Core Concepts
Website Crawling
How hej! discovers and extracts content from your website.
The crawling process is the foundation of your AI chatbot's knowledge. Our intelligent crawler visits your website, discovers pages, and extracts the content that will power your AI assistant's responses.
How Crawling Works
1. Initial Discovery
Starting from your homepage, the crawler discovers all linked pages within your domain. It builds a sitemap of your entire website structure.
2. AI Page Selection
An LLM analyzes the discovered pages and intelligently selects which ones to include in your knowledge base. This ensures quality over quantity.
3. Content Extraction
For each selected page, we extract the main content, removing navigation, footers, ads, and other boilerplate elements.
4. Indexing & Embedding
Extracted content is processed, chunked, and converted into vector embeddings for semantic search capabilities.
Page Limits by Plan
Each plan includes a maximum number of indexed pages. These limits help ensure optimal performance and relevance of your knowledge base.

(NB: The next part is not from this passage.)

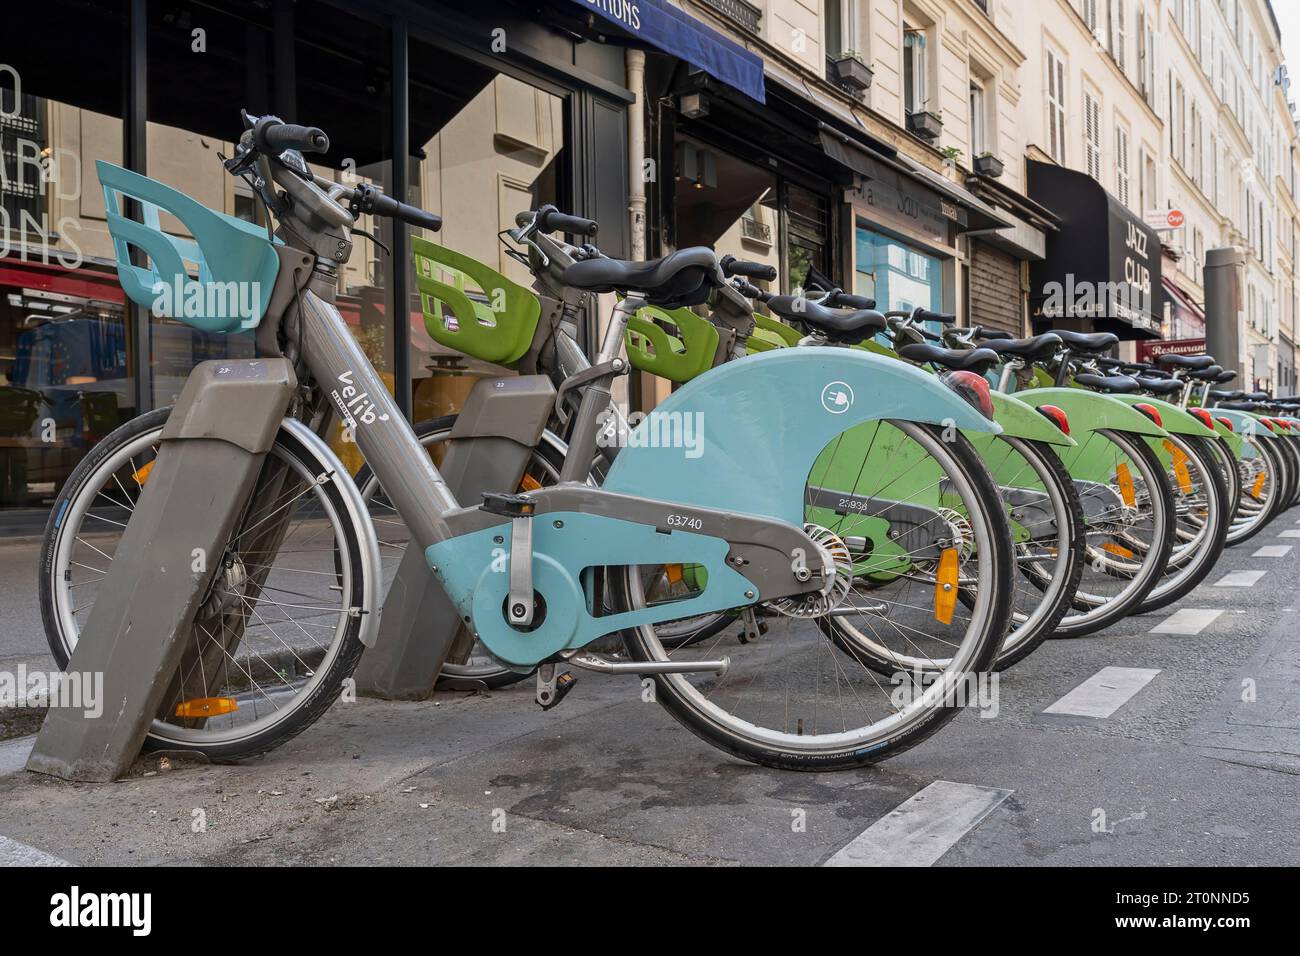 Velib Fahrradverleih Dockingstation. Fahrrad-Sharing-System. Fahrräder verschlossen, hintereinander geparkt. Ökologischer Alternativverkehr. Paris, Frankreich, Europa Stockfoto

| Plan | Max Pages | Manual Re-crawl |
|---|---|---|
| Starter | 10,000 pages | Once per day |
| Growth | 25,000 pages | Once per day |
| Business | 100,000 pages | Once per day |
| Enterprise | Unlimited | Unlimited |
Priority Pages
What are Priority Pages?
Priority pages are frequently updated pages (like news, pricing, or contact info) that get recrawled more often than your regular content. This ensures your AI always has the latest information.
Business and Enterprise plans include priority page support.
Re-crawling Your Site
When your website content changes, you'll want to update your AI's knowledge base. There are several ways to trigger a re-crawl:
Manual Re-crawl
Trigger a re-crawl anytime from your Studio dashboard. Great for after major content updates.
Re-crawl Limit
Paid plans can re-crawl once per day. Enterprise plans have no limit.
Best Practices
Ensure pages are publicly accessible
Our crawler can only index pages that don't require authentication.
Use semantic HTML
Proper heading structure and semantic elements help with content extraction.
Keep content focused
Pages with clear, focused content produce better AI responses.
Avoid blocking our crawler
Make sure your robots.txt allows our crawler (User-agent: hej-bot).